On February 5, 1910, the Industrial Worker called for IWW members from the surrounding region to travel to Spokane on March 1, for an expanded round of public demonstrations. On February 28 and March 3, the union negotiated with city leaders, calling off the planned demonstrations. Both sides then traveled to Coeur d'Alene to allow Heslewood to participate. While the Spokane government agreed to release all IWW prisoners, the union agreed to drop its damage suits and refrain from publicly speaking until the ordinance could be repealed. Both the IWW union hall and the Industrial Worker were allowed to resume operations. Additionally, Heslewood agreed to surrender to Spokane police.

By a unanimous vote, the Spokane City Council agreed to repeal the public speaking ordinance on March 9. The city council suspended the licenses of more than half of the employment agencies; however, many of the most notorious were spared, and the total number of agencies continued to grow. The Washington State Legislature passed a law regulating employment agencies in 1915.
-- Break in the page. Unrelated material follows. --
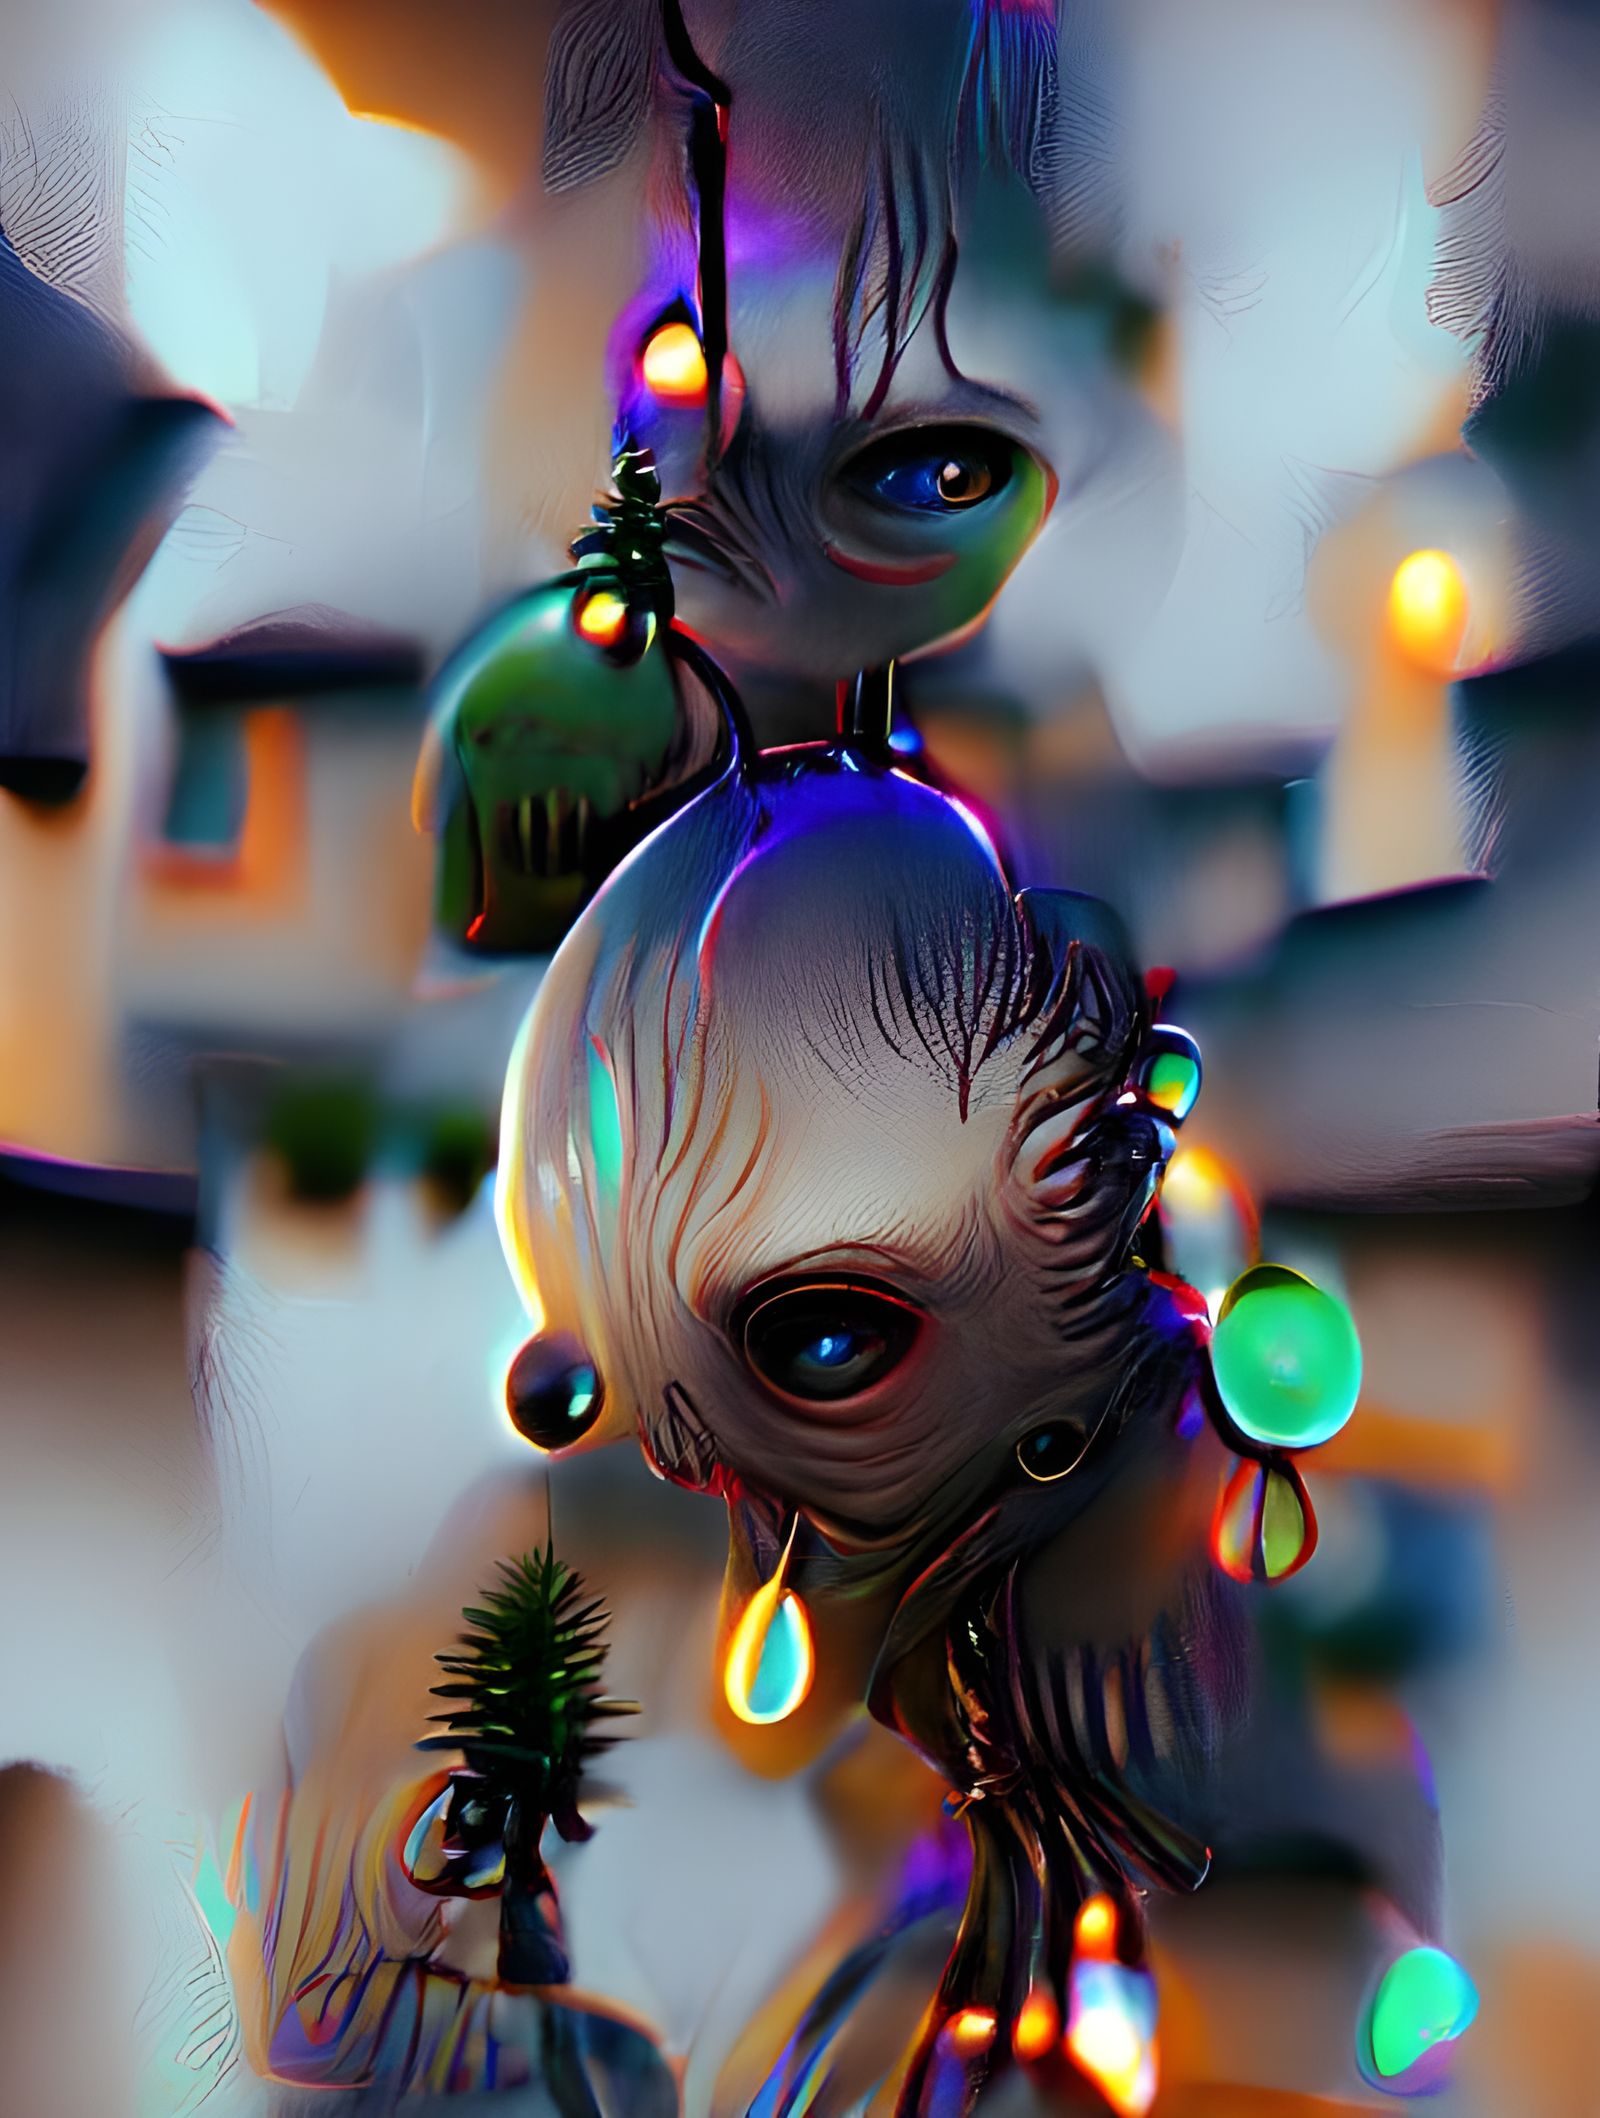 The Sad Ornament
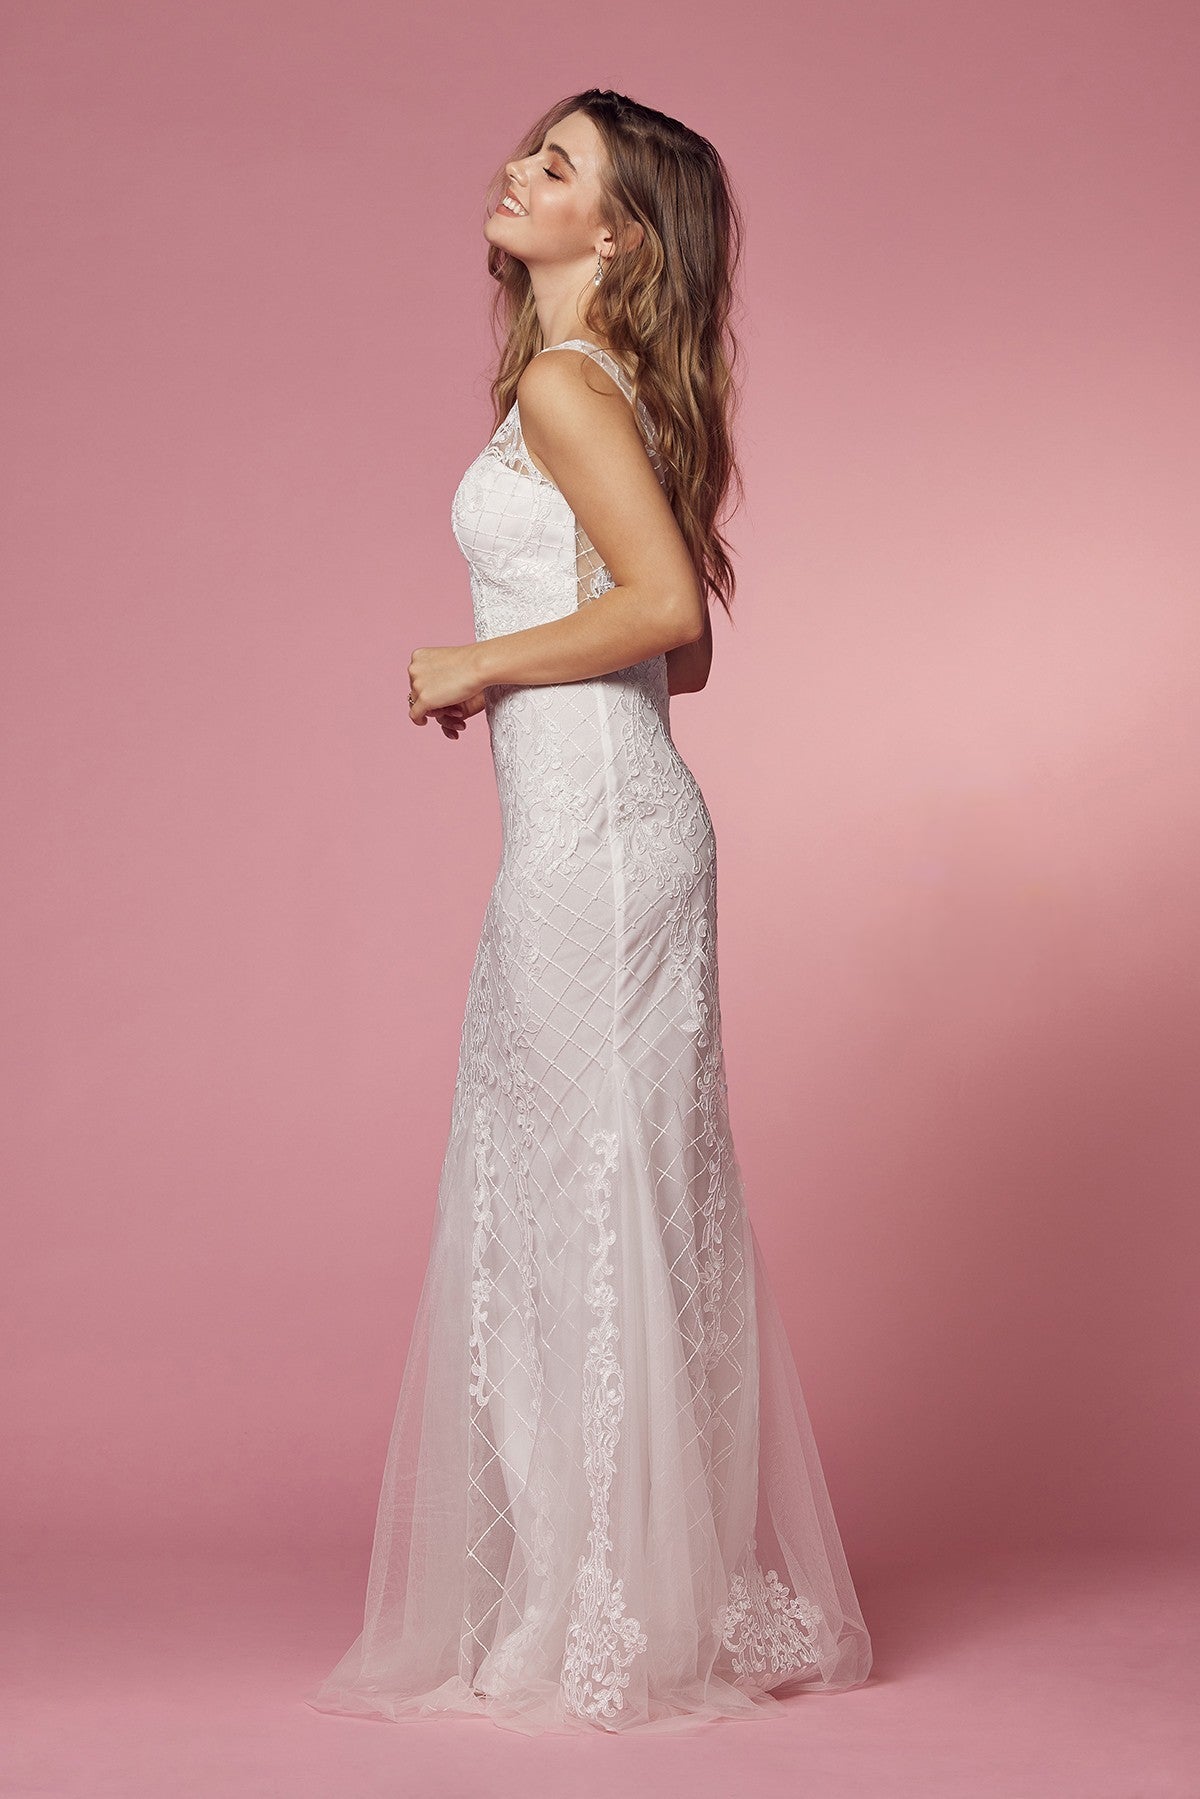 Embroidered Bodice Mermaid Long Wedding Dress NXA398W-Wedding Dress-smcfashion.com

The extent to which the fight ended in the IWW's favor is debated. Flynn dubbed it a "practical victory", while historian Robert Tyler, writing in 1967, described it as a "dubious victory" in the context of the revolutionary goals of the IWW. Spokane newspapers described the March 3 agreement as an unambiguous victory for the city; the Press headlined the news "City Wins in IWW Fight", reporting "now that the IWW has been crushed, that there is no need to make citizens hold meetings in the mire of barnyards and backdoors [...] so it is now considering the possibility of repealing the ordinance". National organizer Bill Haywood described the Spokane fight as a major factor in the IWW's growth over the following years, saying that it captured "the imagination of the working class throughout the country".

Jess Walter's 2020 novel The Cold Millions includes the Spokane Free speech fight as an element of its plot. The book's characters include several historic figures and well as fictional characters.